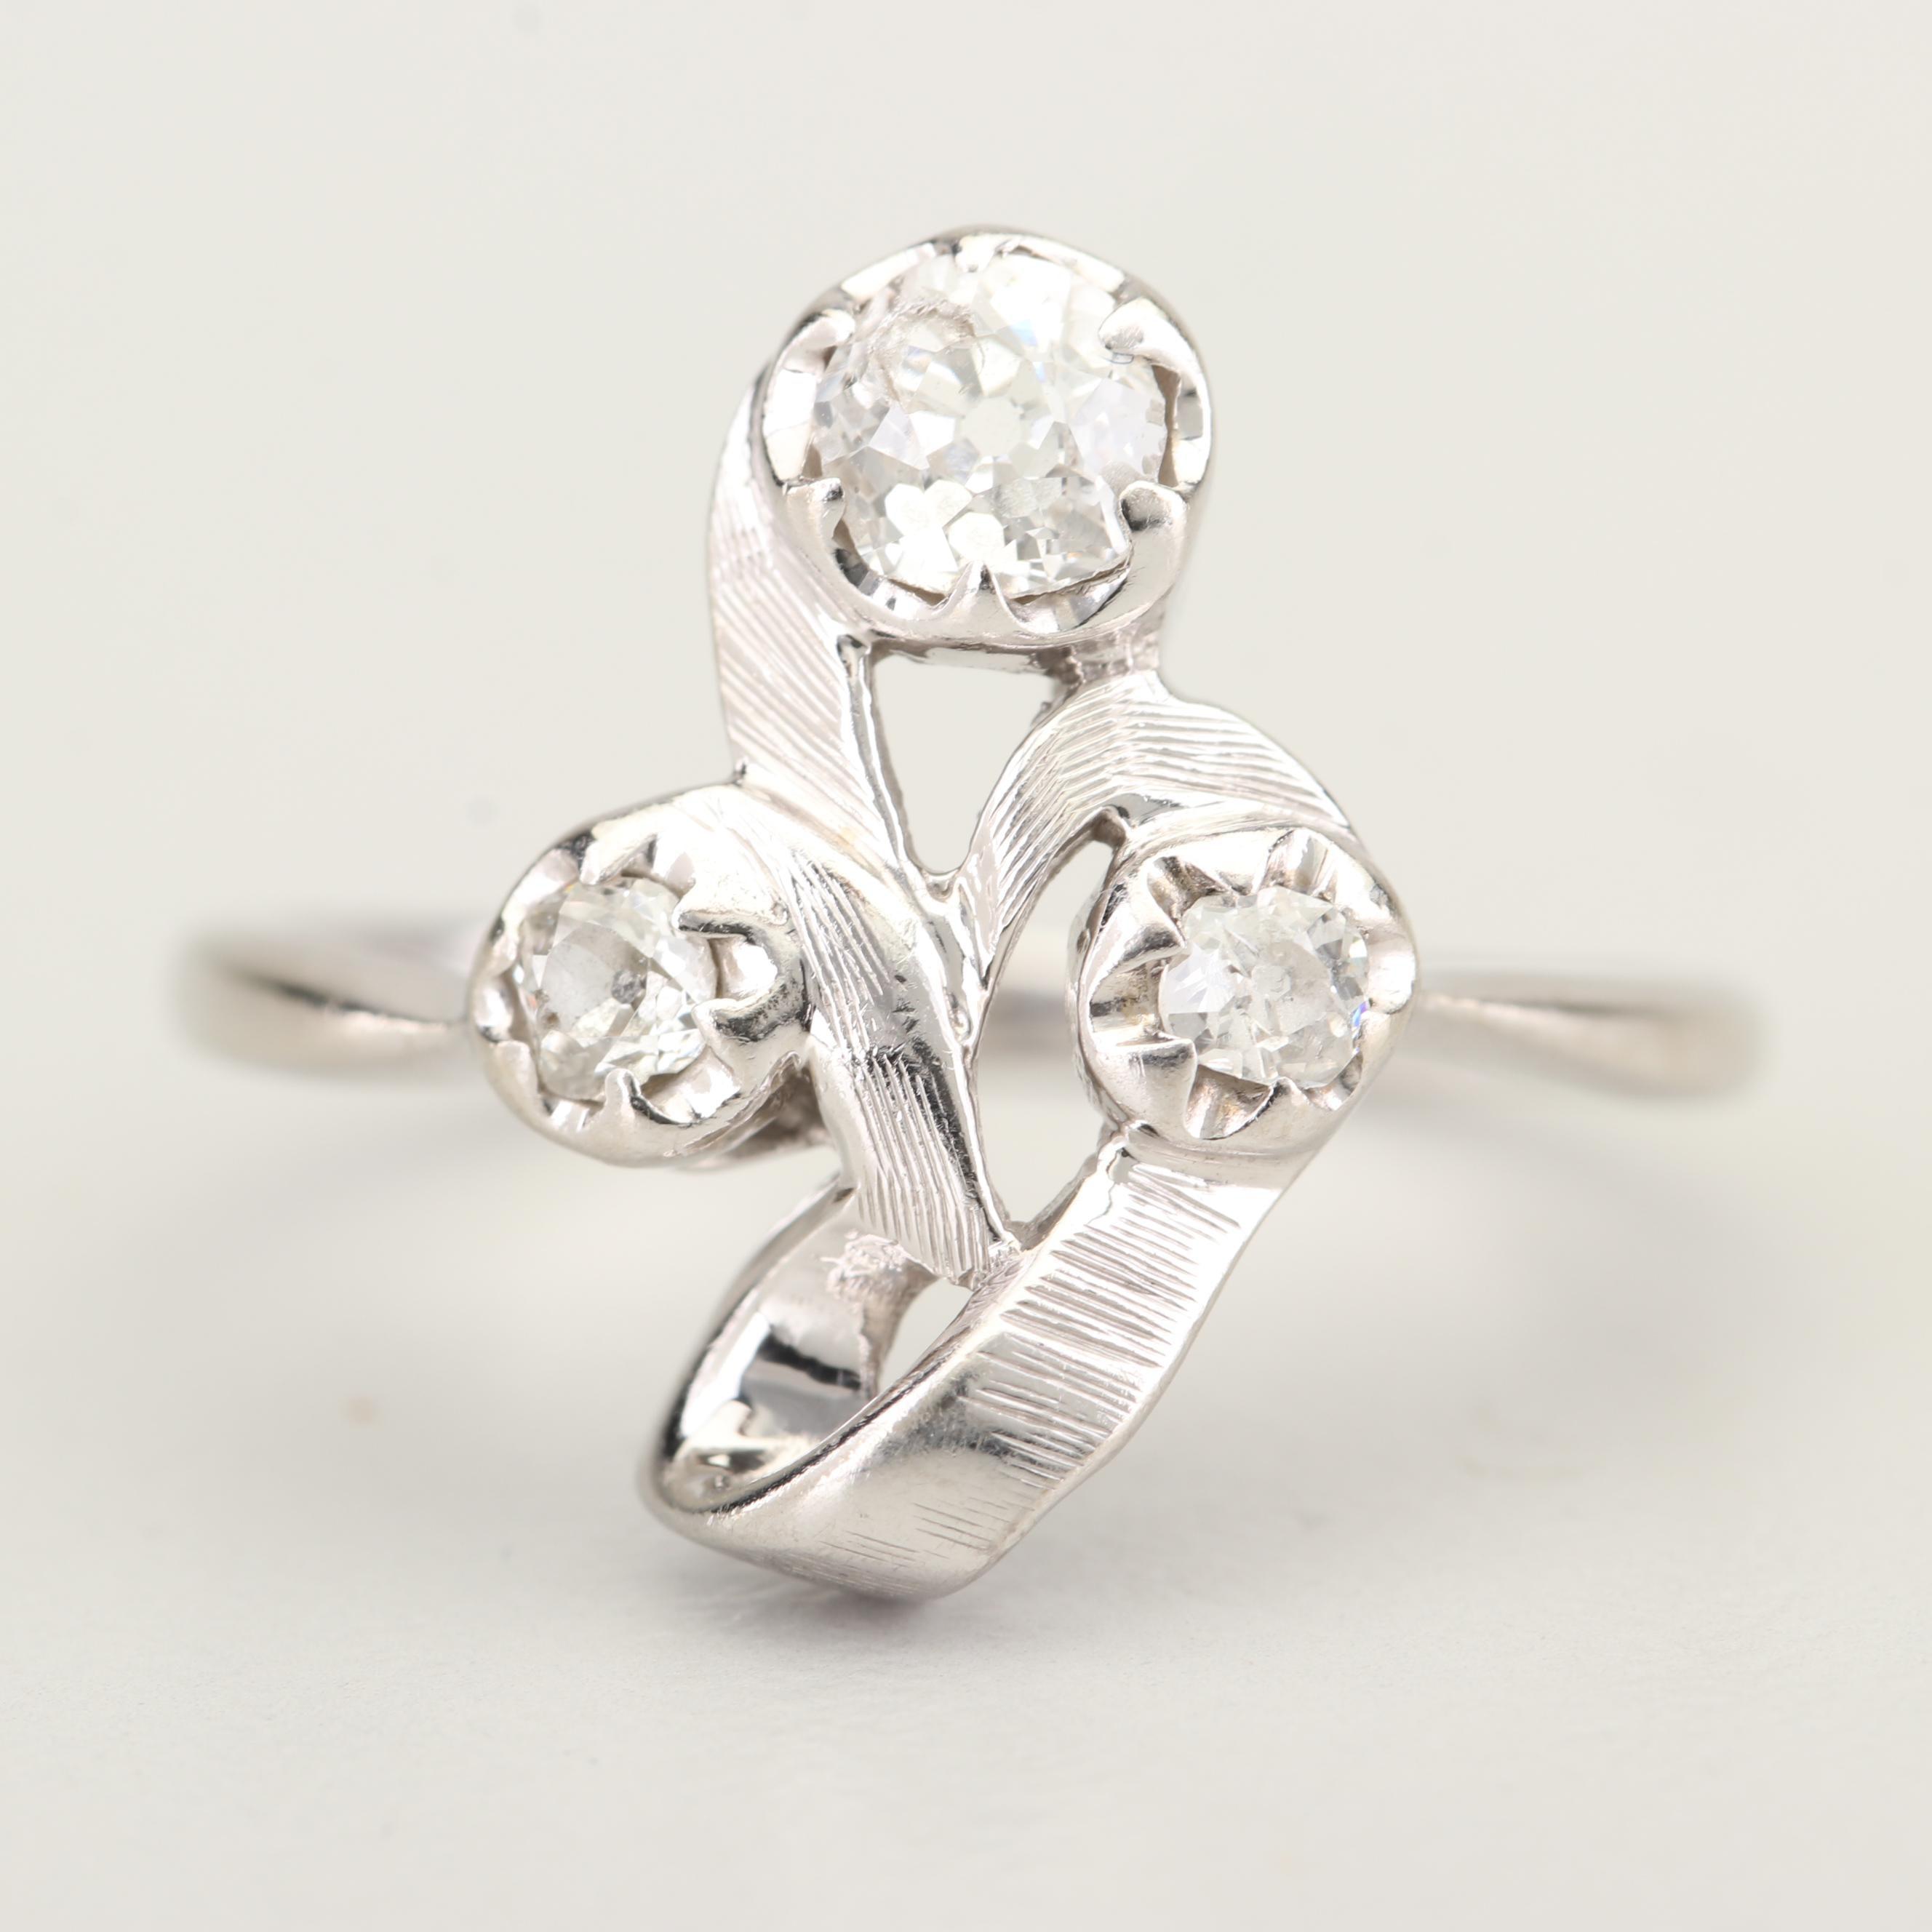 Vintage 14K White Gold Old Mine Cut Diamond Ring
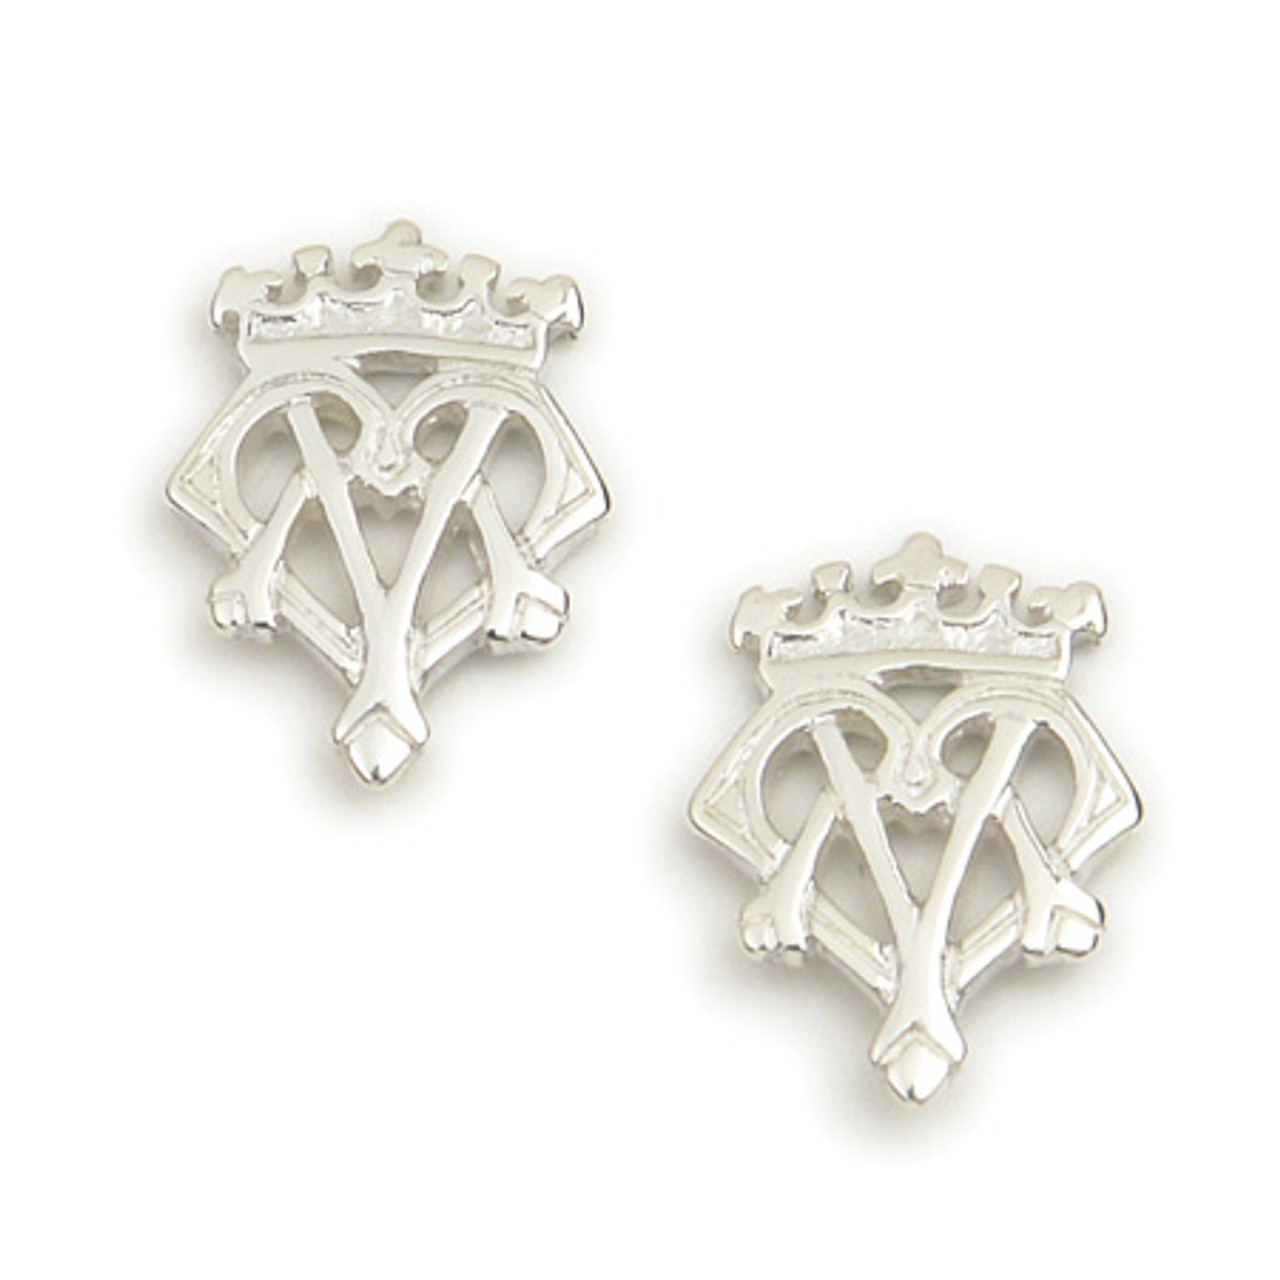 Luckenbooth Earrings
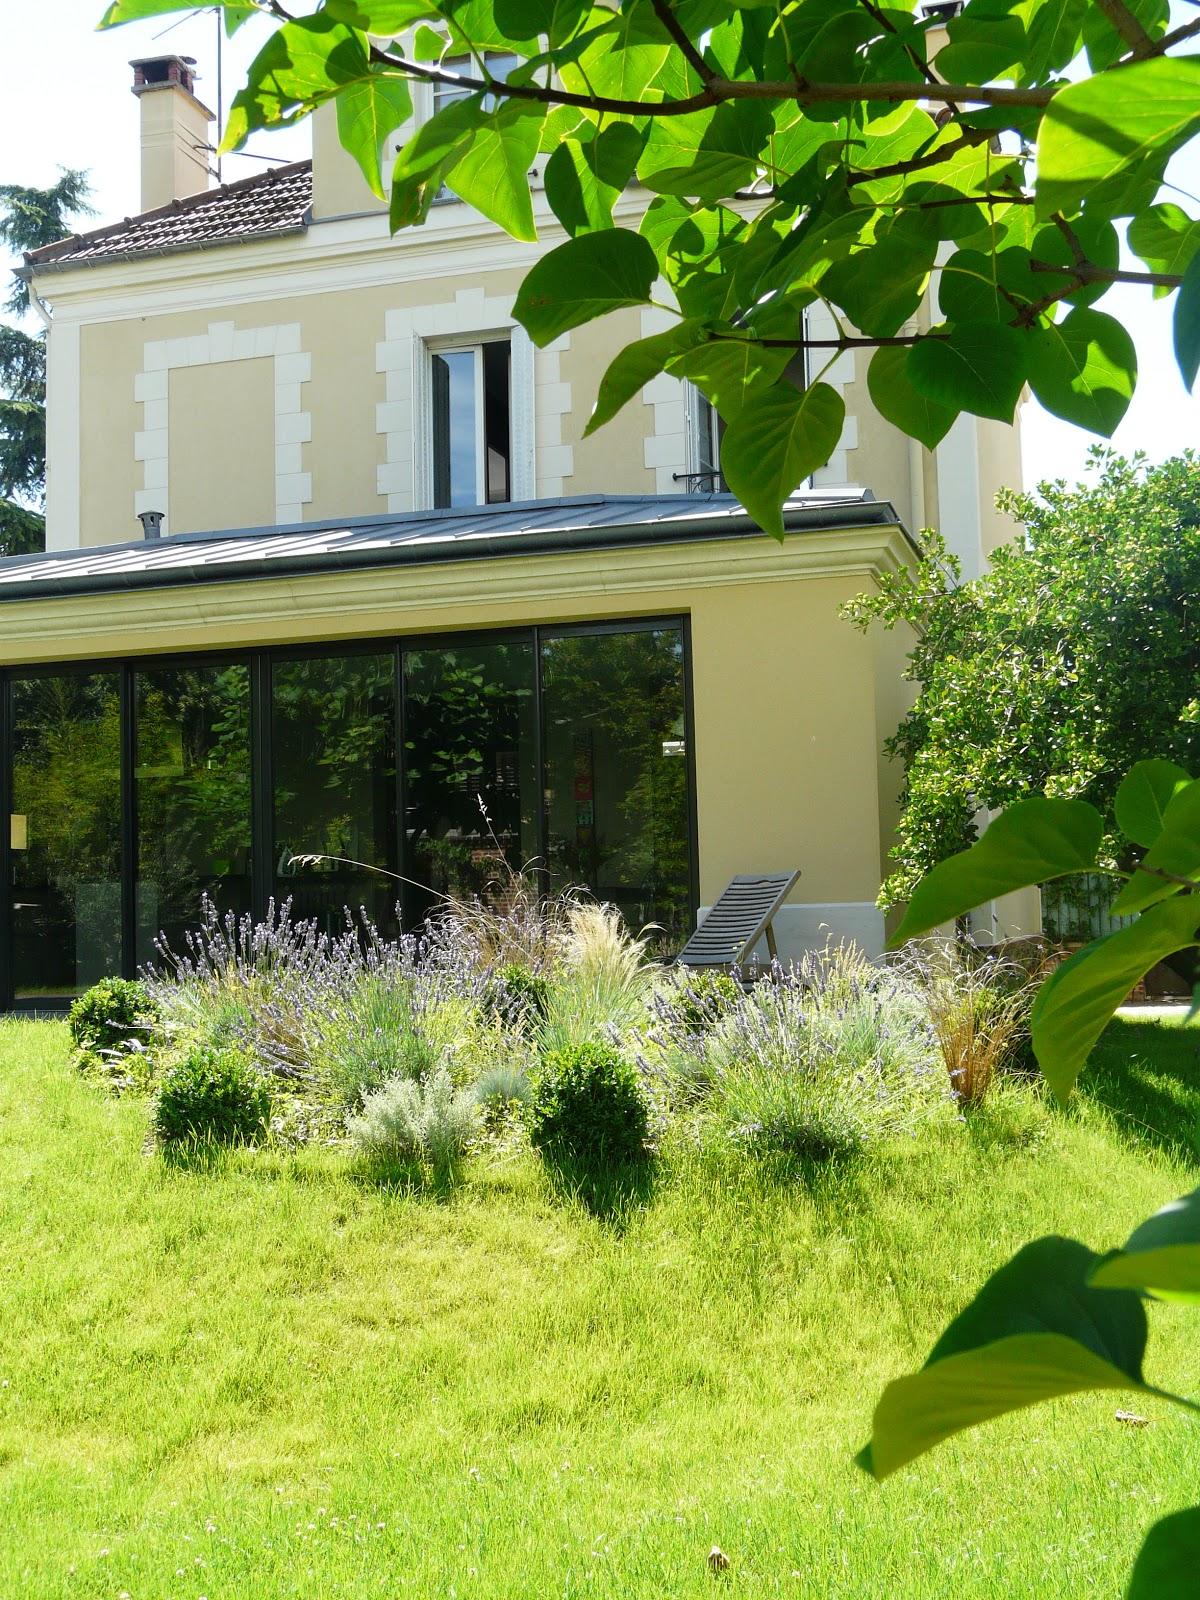 Anna grant jardin la garenne colombes - Jardin fleuri lyon colombes ...

# What is needed
Every line above should be printed again word for word, without its pictures.

# Response
 Vintage 14K White Gold Old Mine Cut Diamond Ring
 Luckenbooth Earrings
 Anna grant jardin la garenne colombes - Jardin fleuri lyon colombes ...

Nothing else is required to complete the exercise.